For the material below, return exactly the lines starting at the one holding "irogel イロジェル ネイルシール" and ending at the one holding "katalog Motorcycle Storehouse", counting both as part of the range.

**** LISTED RECORDS ****

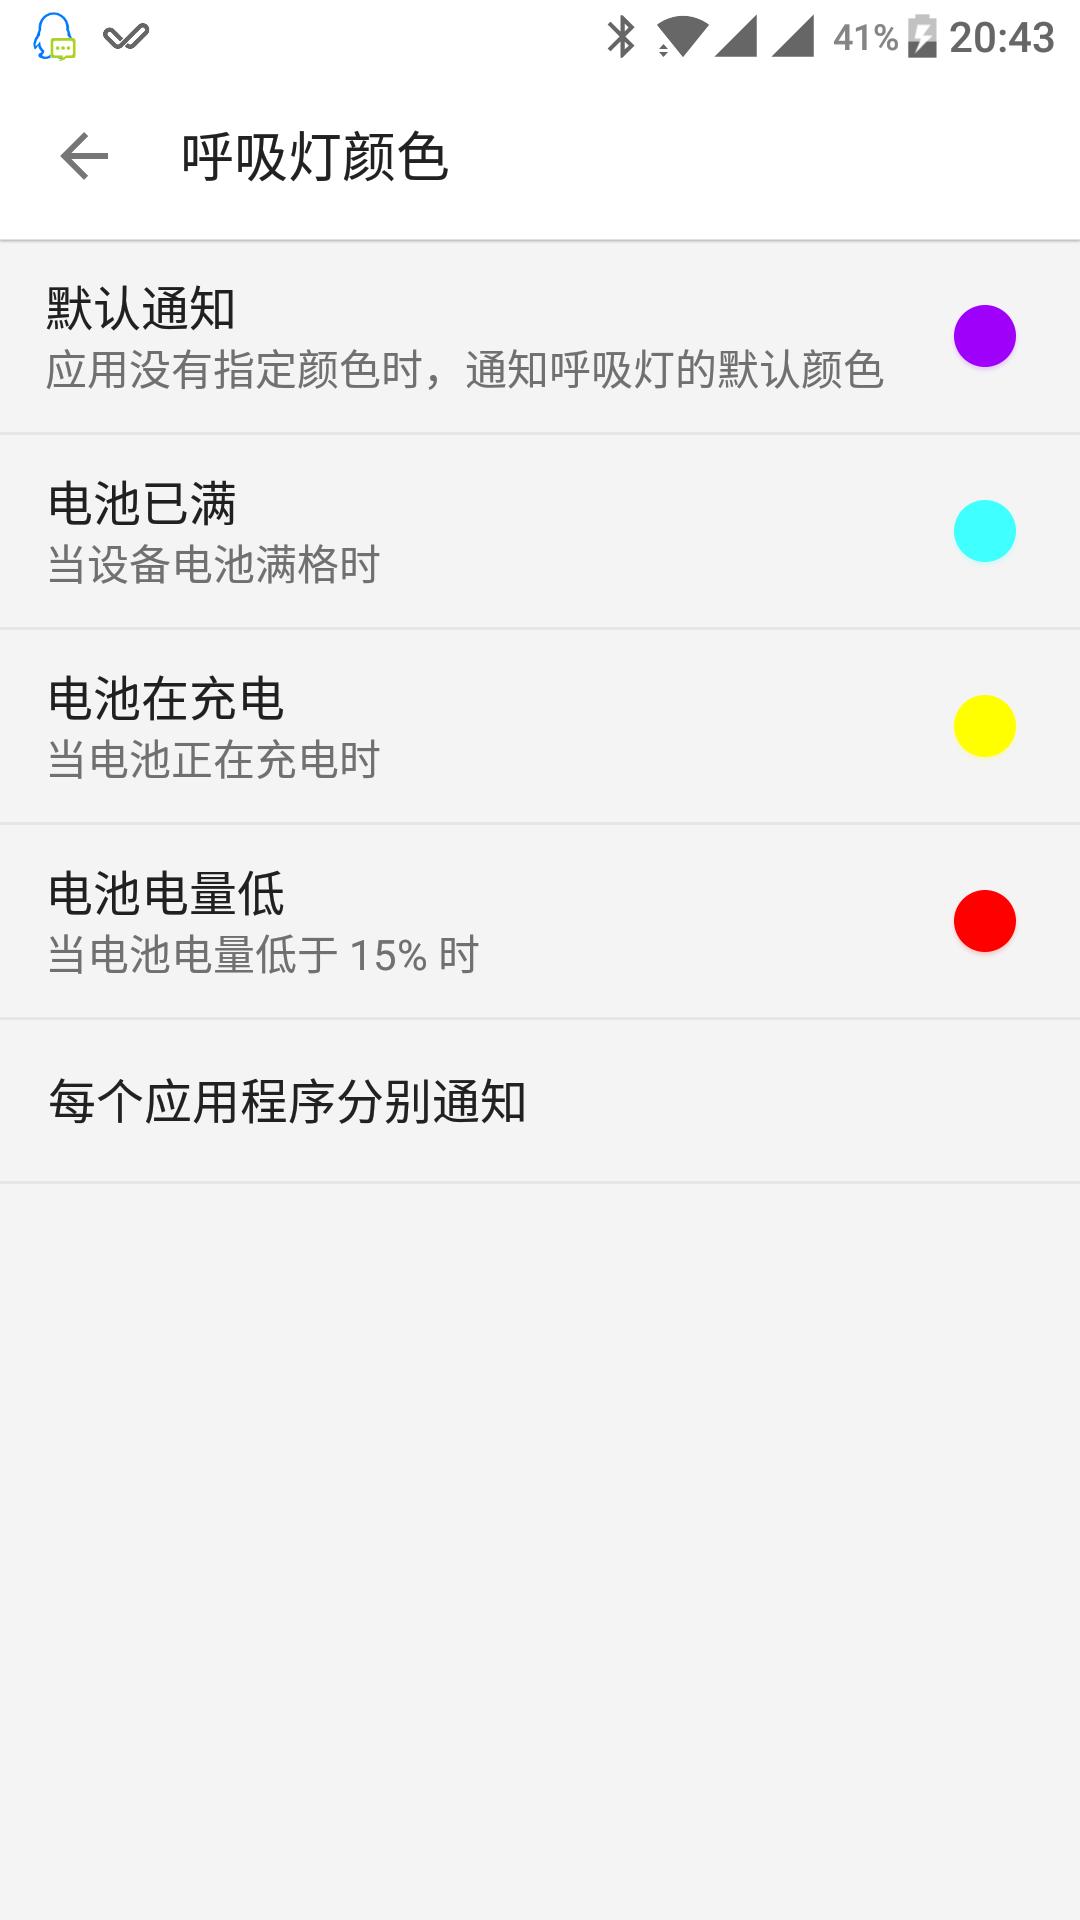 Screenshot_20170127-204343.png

****
**** LISTED RECORDS ****

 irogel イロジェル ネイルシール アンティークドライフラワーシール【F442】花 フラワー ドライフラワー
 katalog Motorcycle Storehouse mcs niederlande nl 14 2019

****
**** LISTED RECORDS ****

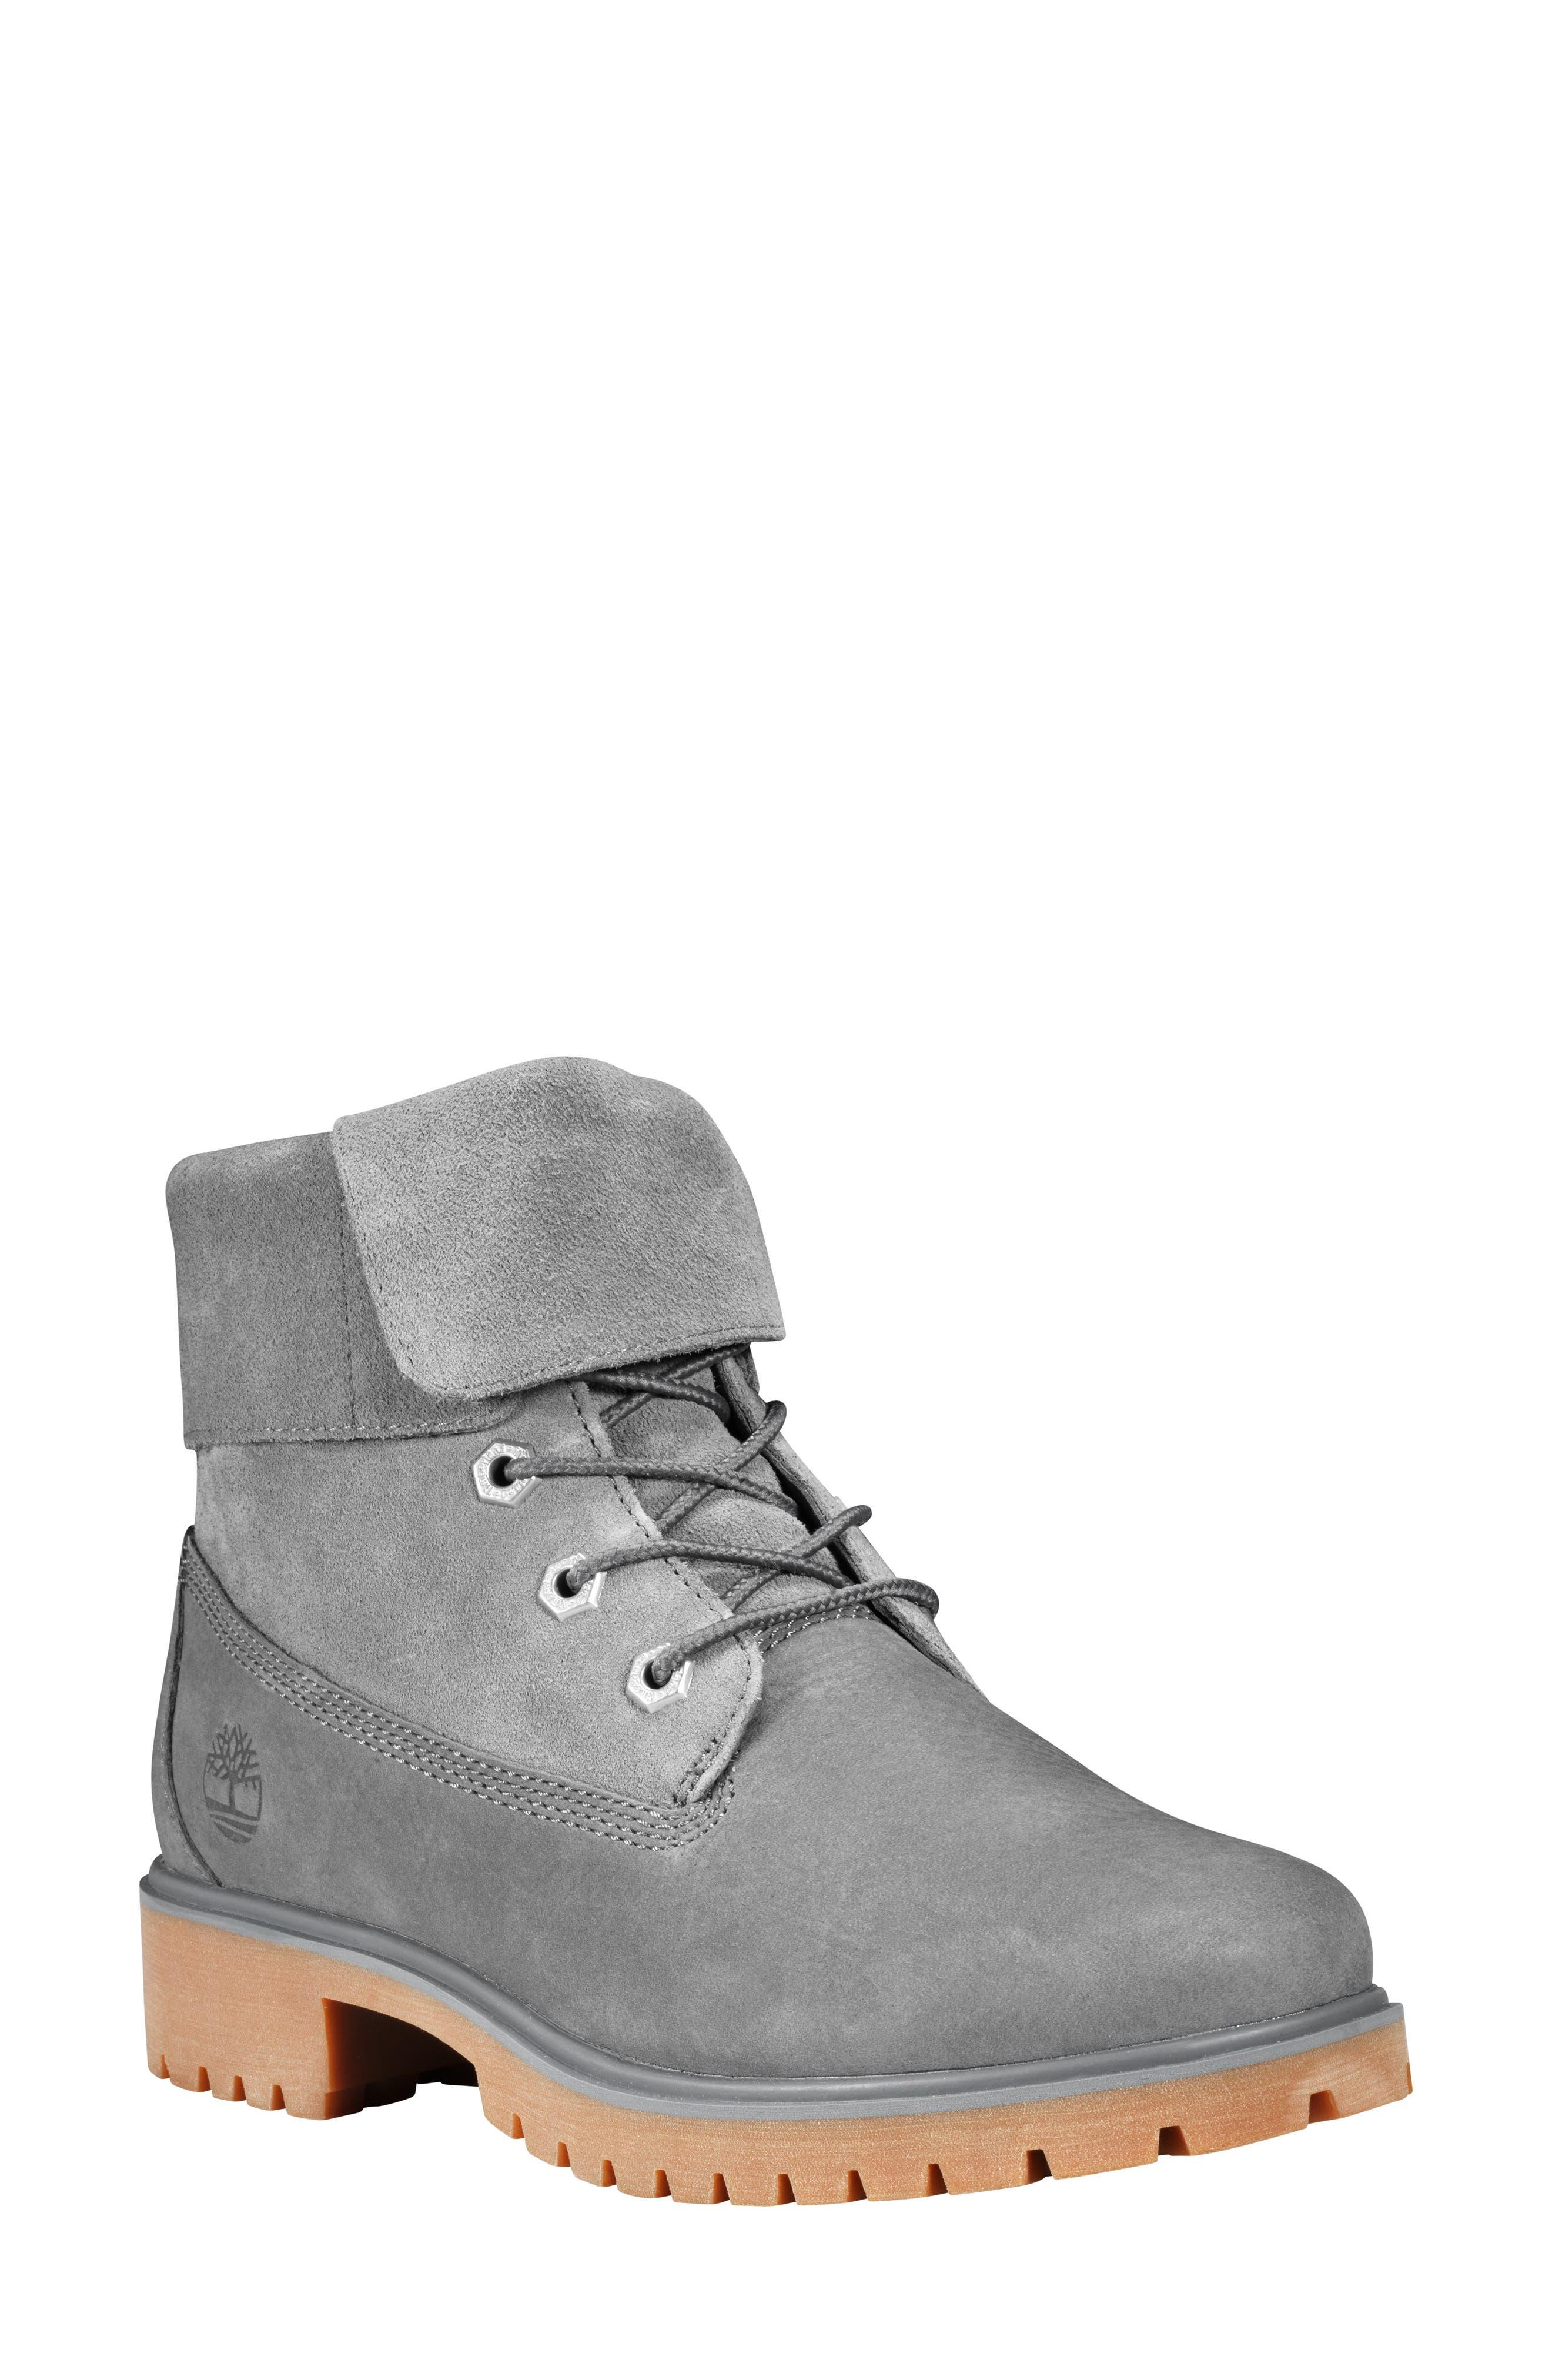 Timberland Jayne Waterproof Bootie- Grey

****

-- REPLY TO THE EXERCISE --
 irogel イロジェル ネイルシール アンティークドライフラワーシール【F442】花 フラワー ドライフラワー
 katalog Motorcycle Storehouse mcs niederlande nl 14 2019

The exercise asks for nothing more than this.